Tout est dans le titre de la page réservée au Sénégal dans le rapport 2018 de Reporters Sans Frontières, parcouru par le journal “Les Echos” : “L’étau se resserre autour des journalistes”. Classé 50e au rang mondial, le Sénégal a perdu 1,11 point sur son score global qui passe de 26,72 en 2017 à 25,61 en 2018. Même si le pays a gagné 8 places par rapport au précédent classement.

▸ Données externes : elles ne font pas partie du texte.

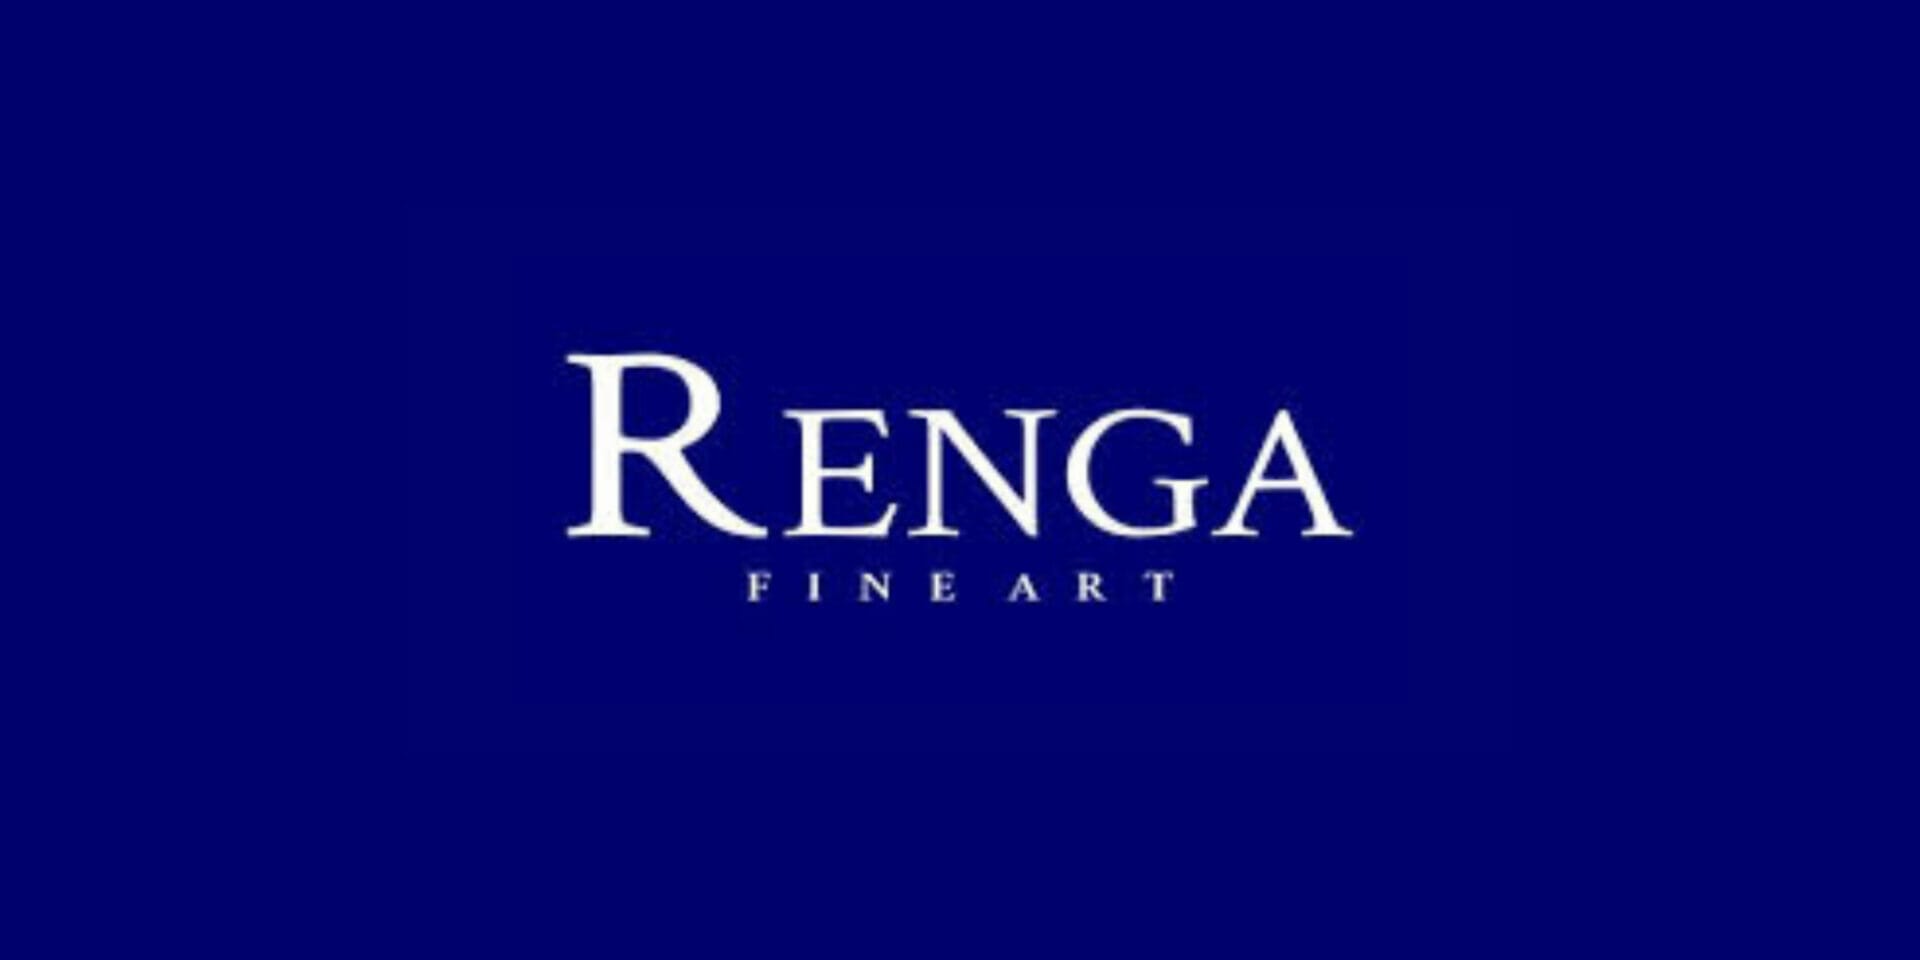 Renga Fine Art Gallery

Et pourtant RSF considère que le Sénégal est l’une des démocraties les plus stables du continent et dispose d’un paysage médiatique pluriel, avec la liberté de l’information garantie par la Constitution de 2001. “Les atteintes contre les journalistes se sont espacées ces dernières années, mais certains sujets restent tabous. Plusieurs médias ont été convoqués et intimidés pour avoir rapporté des faits de corruption. Les radios qui donnent la parole à des critiques du régime peuvent subir des pressions tandis que les journalistes sont susceptibles d’être condamnés pour diffamation, mais les cas sont très rares”, souligne le rapport.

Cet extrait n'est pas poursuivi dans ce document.